WORK TASK:
Only those lines in the data below from the line containing "Sueros y bebidas" through the line containing "del tiroteig publicada", both included, should be restated word for word.

EXTRACTED RECORDS:
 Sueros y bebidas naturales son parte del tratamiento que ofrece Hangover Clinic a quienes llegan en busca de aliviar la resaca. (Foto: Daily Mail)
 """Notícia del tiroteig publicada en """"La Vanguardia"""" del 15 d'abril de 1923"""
---
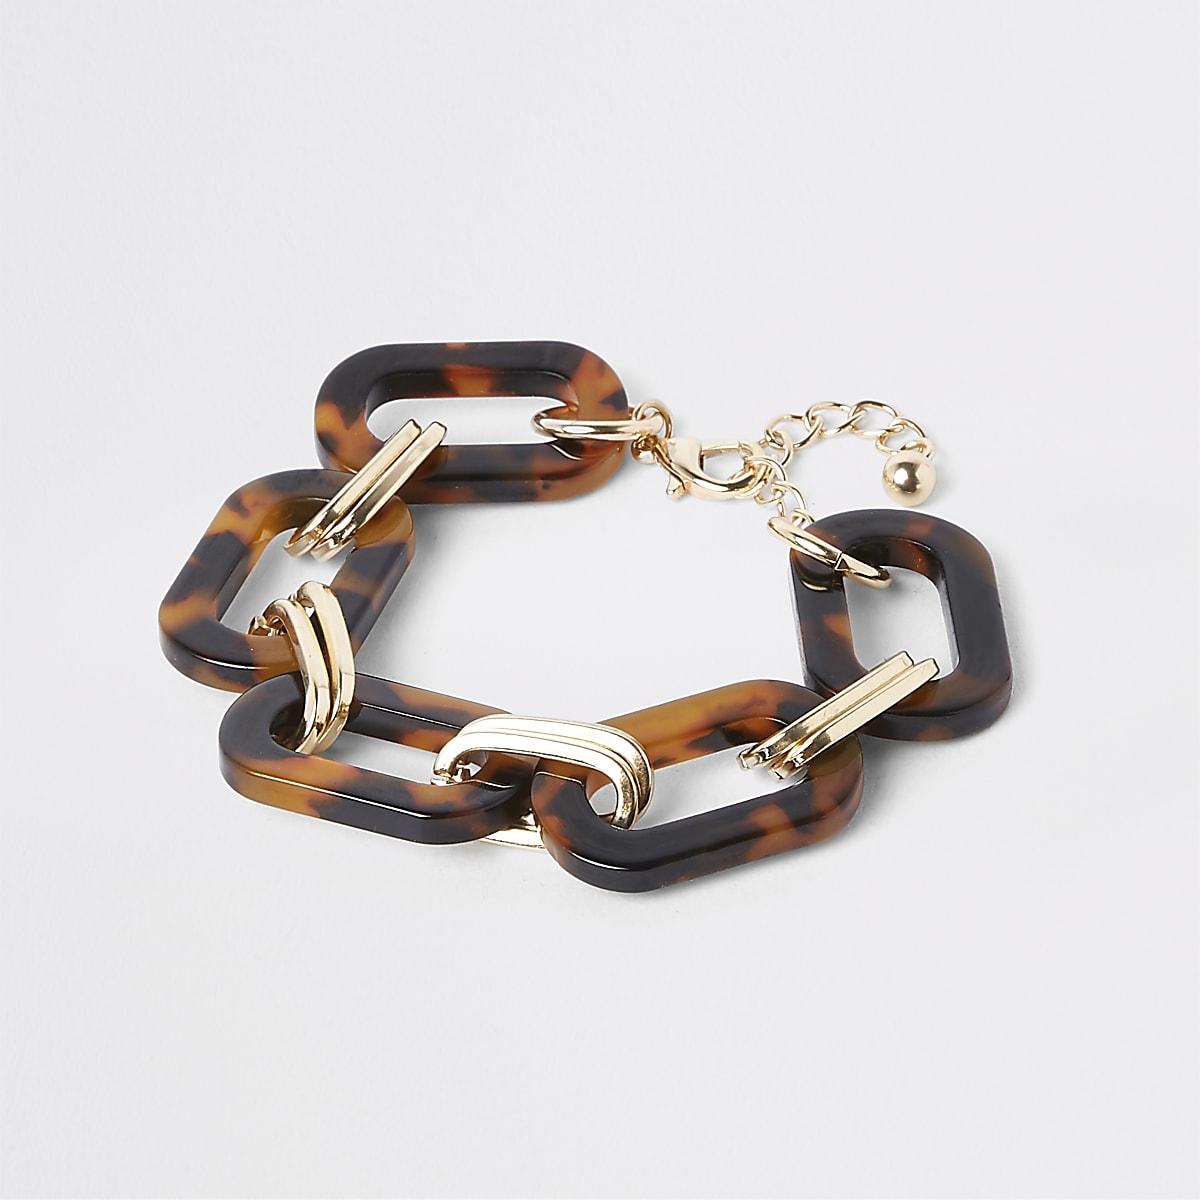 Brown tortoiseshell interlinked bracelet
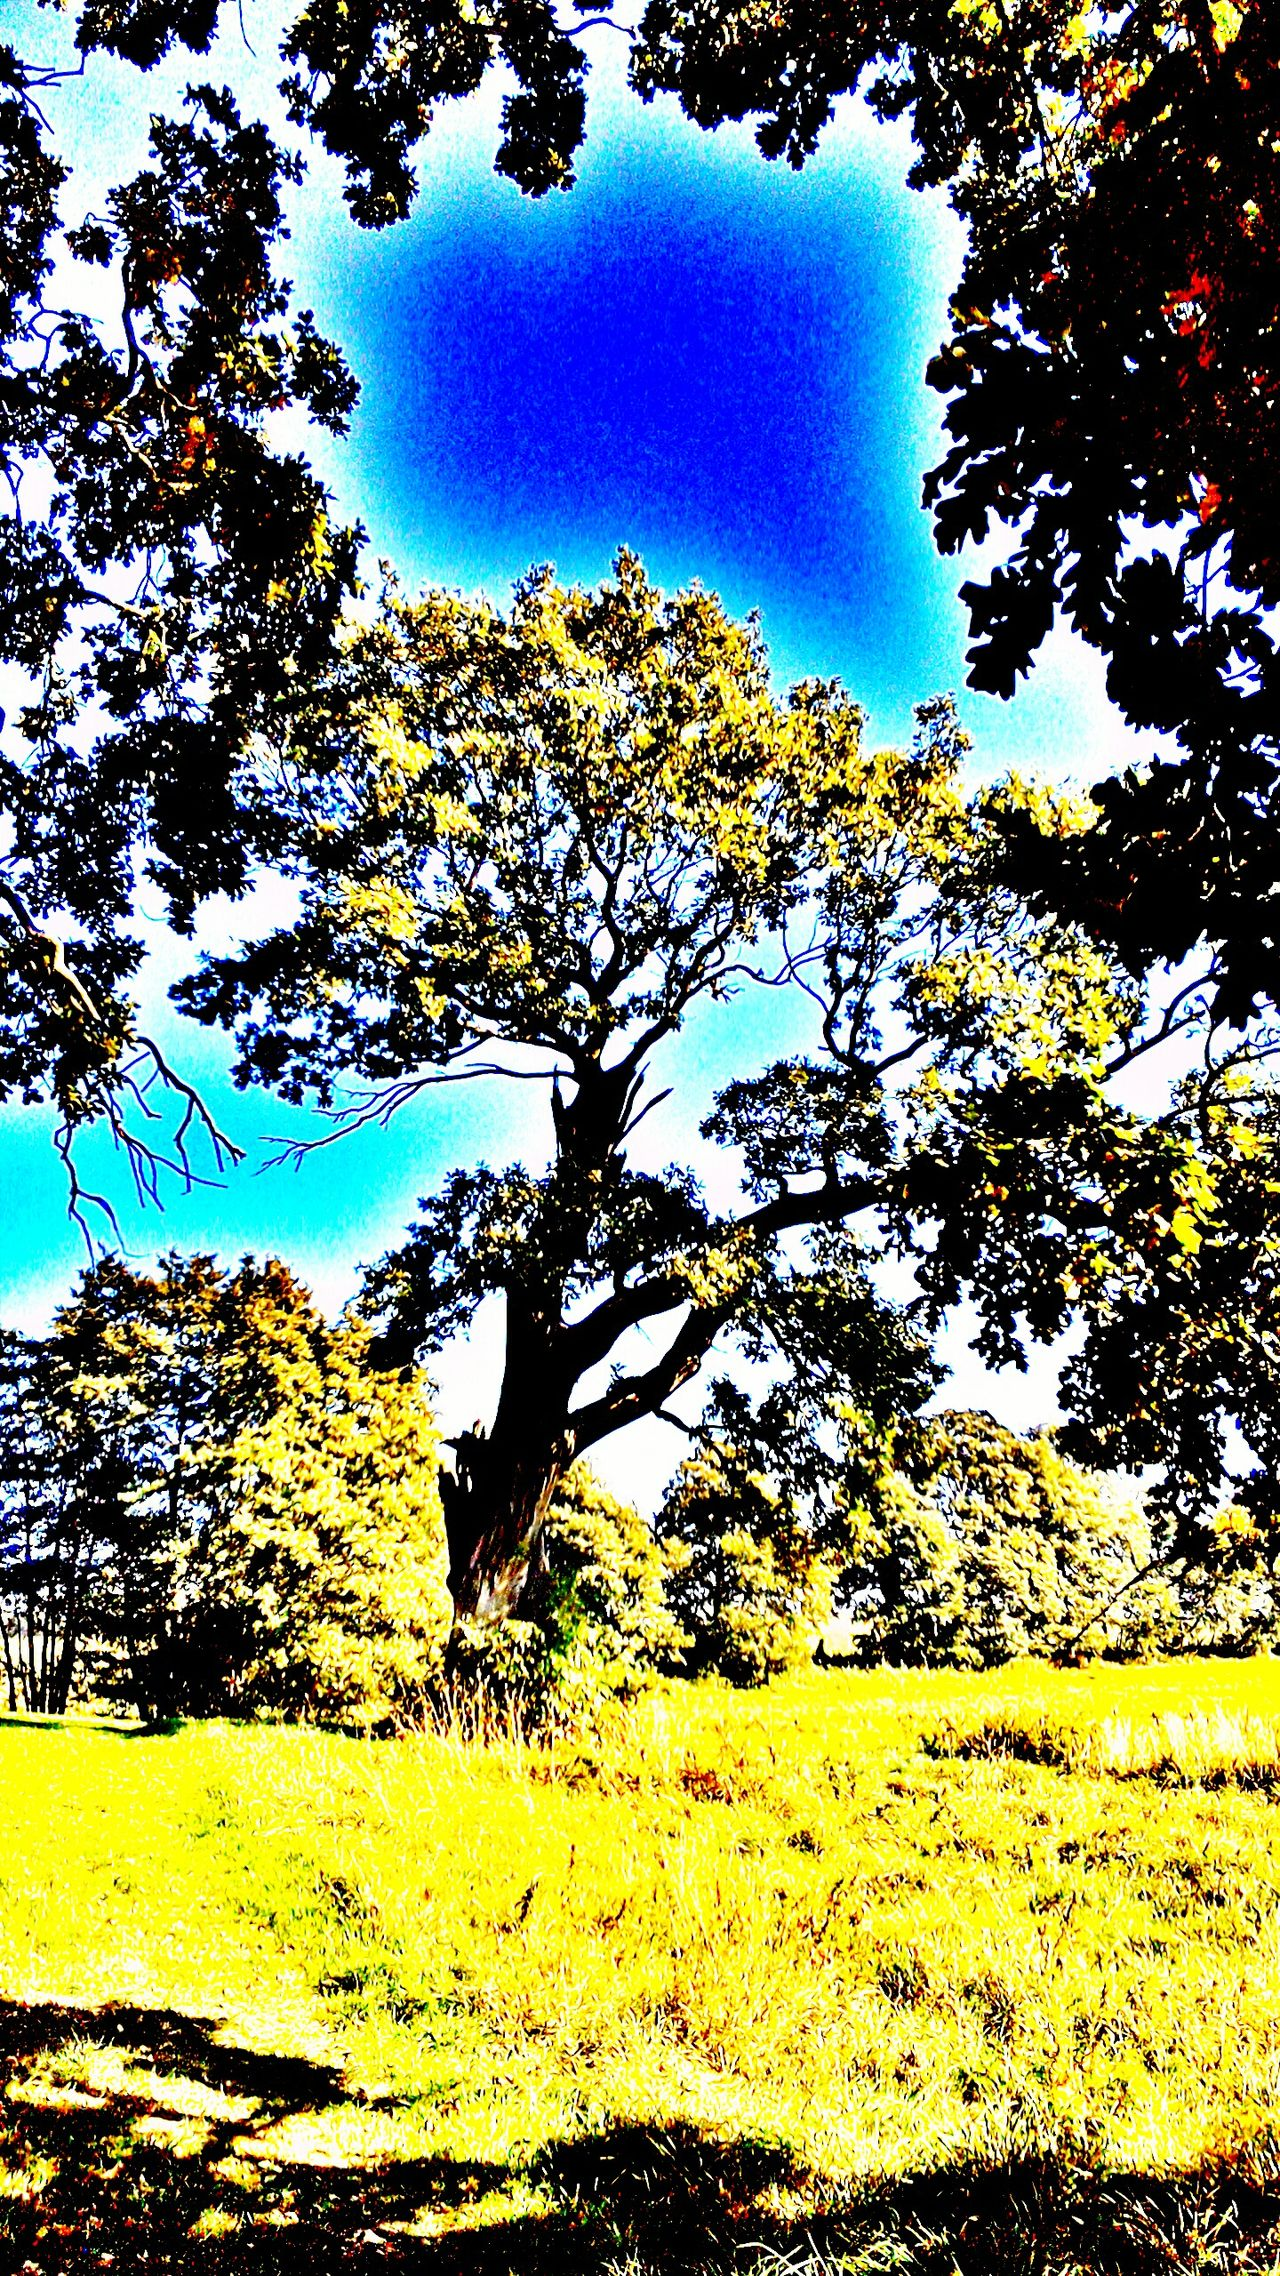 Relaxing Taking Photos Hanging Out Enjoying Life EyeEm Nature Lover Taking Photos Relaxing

RESULT:
 Sueros y bebidas naturales son parte del tratamiento que ofrece Hangover Clinic a quienes llegan en busca de aliviar la resaca. (Foto: Daily Mail)
 """Notícia del tiroteig publicada en """"La Vanguardia"""" del 15 d'abril de 1923"""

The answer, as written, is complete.